--- WORK ORDER ---
Write the lines below out exactly, dropping each picture.

--- DATA PROVIDED ---
= Beginning of Section =

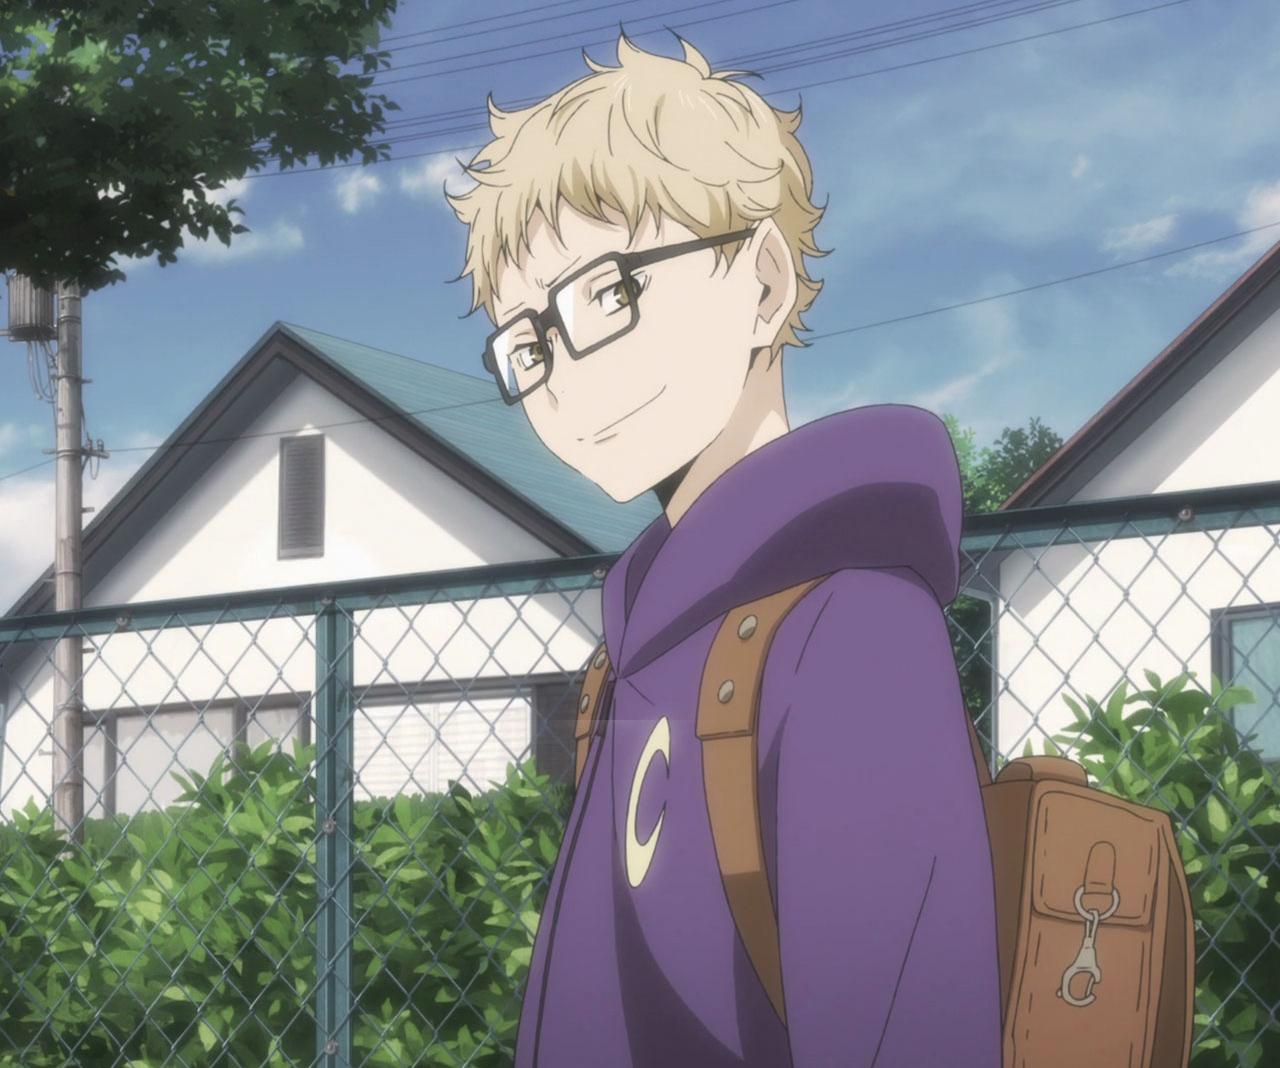 Haikyuu Manga Host: Haikyuu!! Second Season - 08
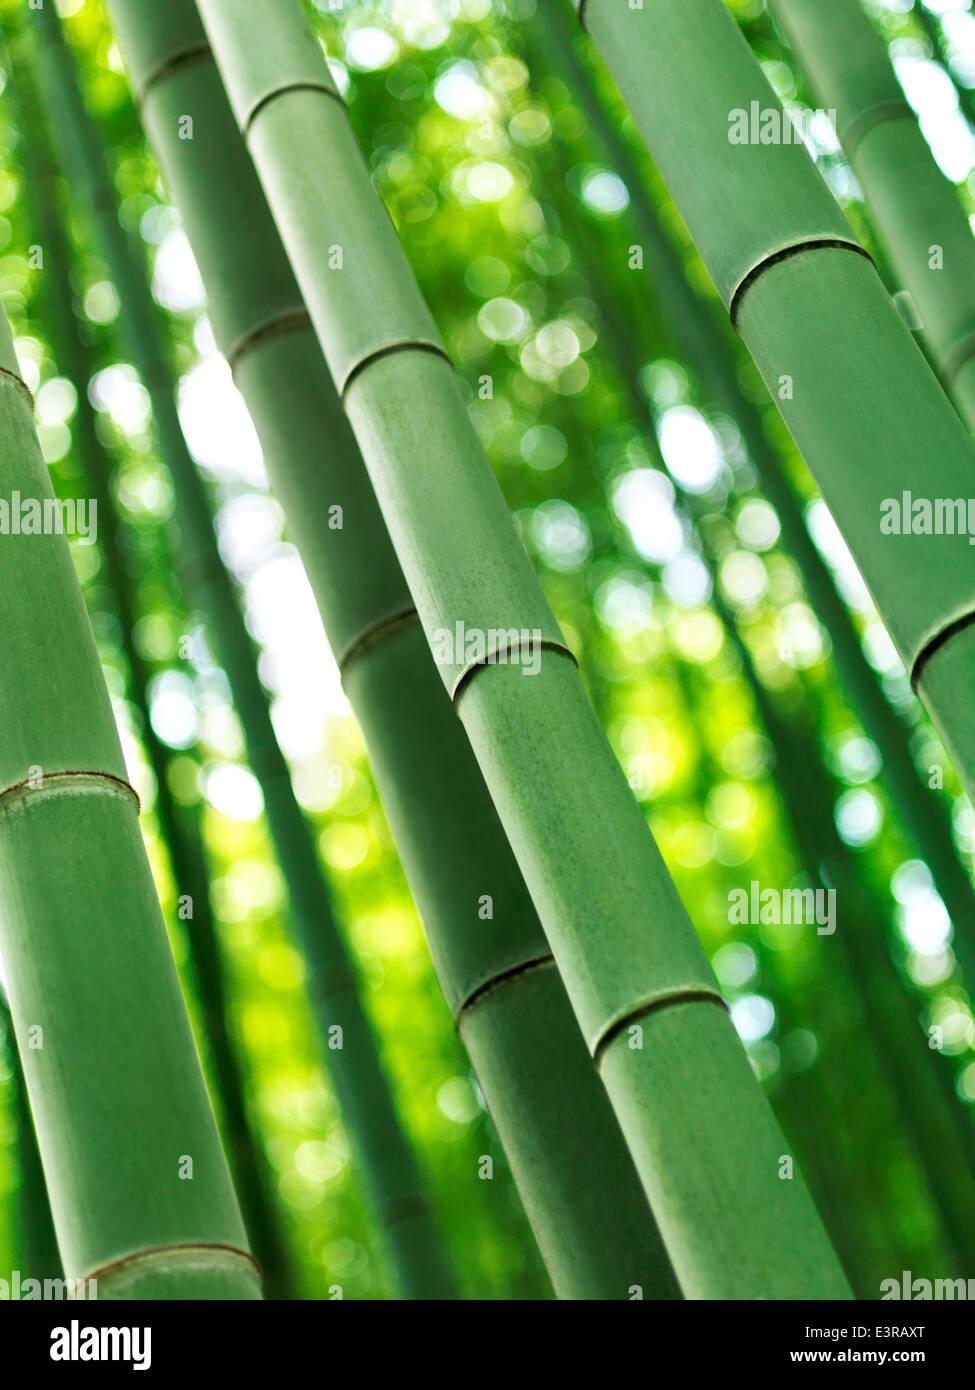 Bamboo forest closeup of stems at Arashiyama bamboo forest, Kyoto, Japan. - Stock Image
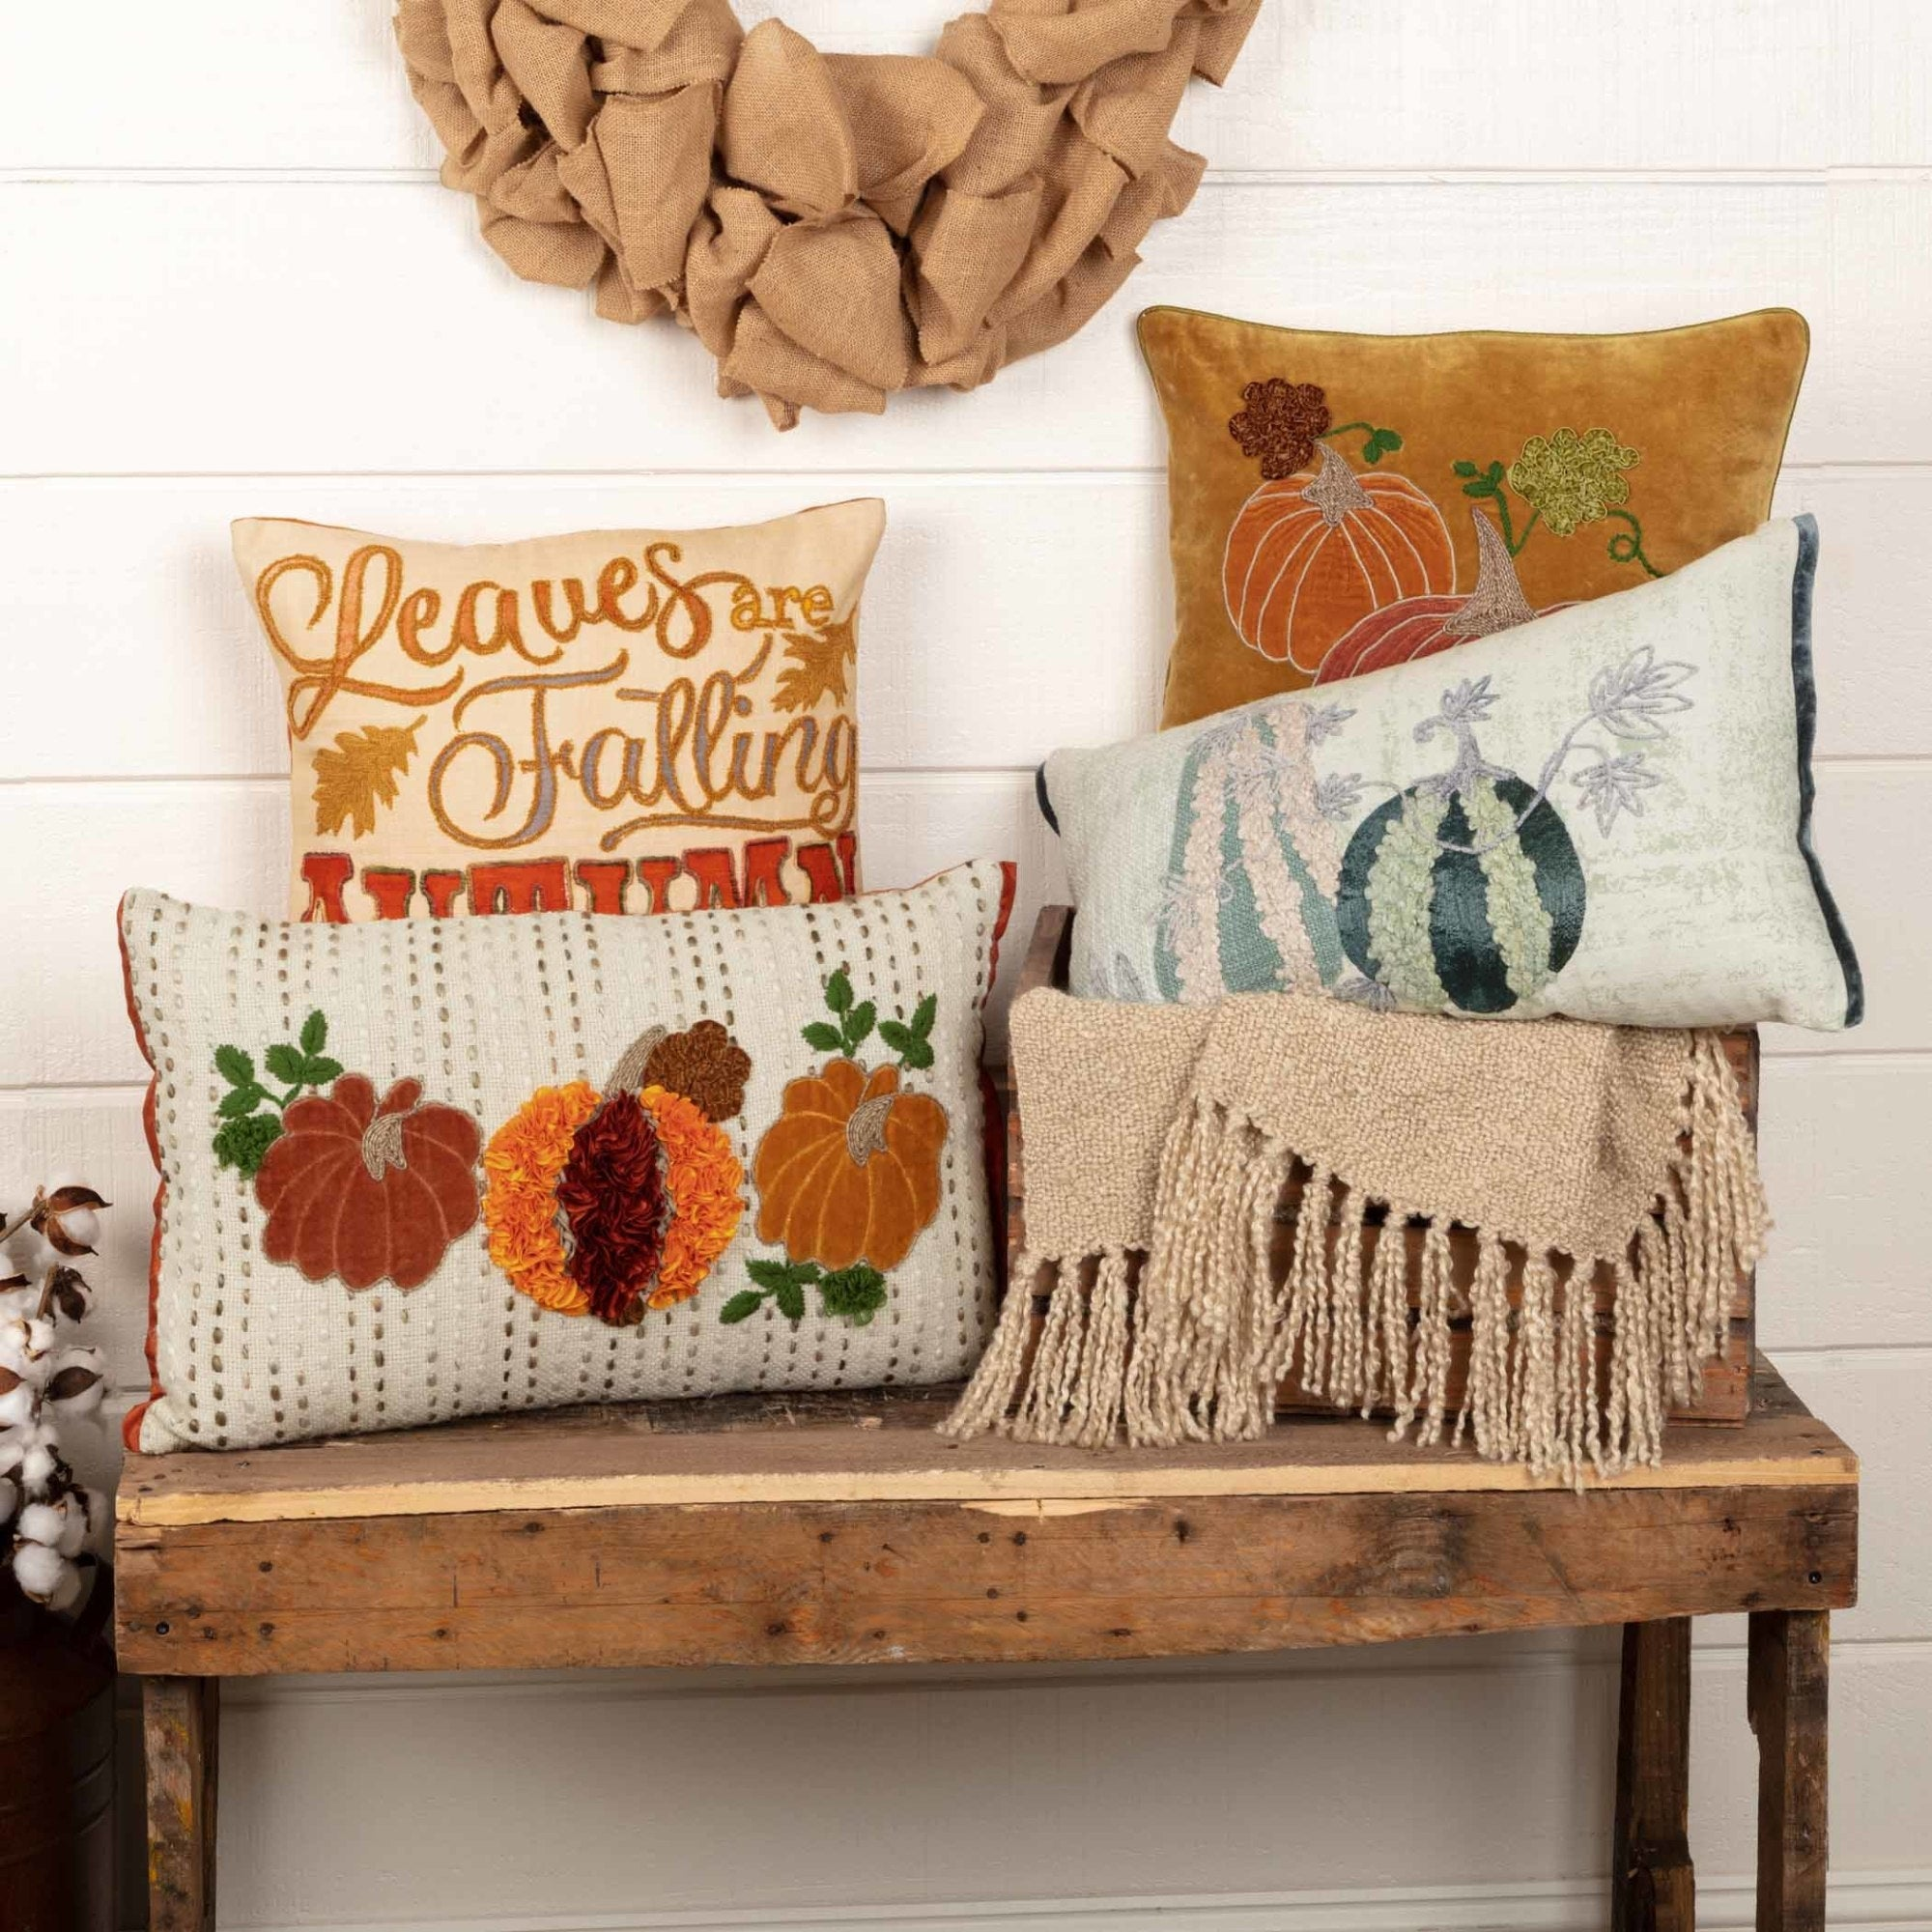 Home Decor Insert Vhc Brands Decorative Throw Pillow Couch Autumn Calling 18x18 Cover Home Furniture Diy Tohoku Morinagamilk Co Jp

= End of Section =

--- OUTPUT BELOW ---
 Haikyuu Manga Host: Haikyuu!! Second Season - 08
 Bamboo forest closeup of stems at Arashiyama bamboo forest, Kyoto, Japan. - Stock Image
 Home Decor Insert Vhc Brands Decorative Throw Pillow Couch Autumn Calling 18x18 Cover Home Furniture Diy Tohoku Morinagamilk Co Jp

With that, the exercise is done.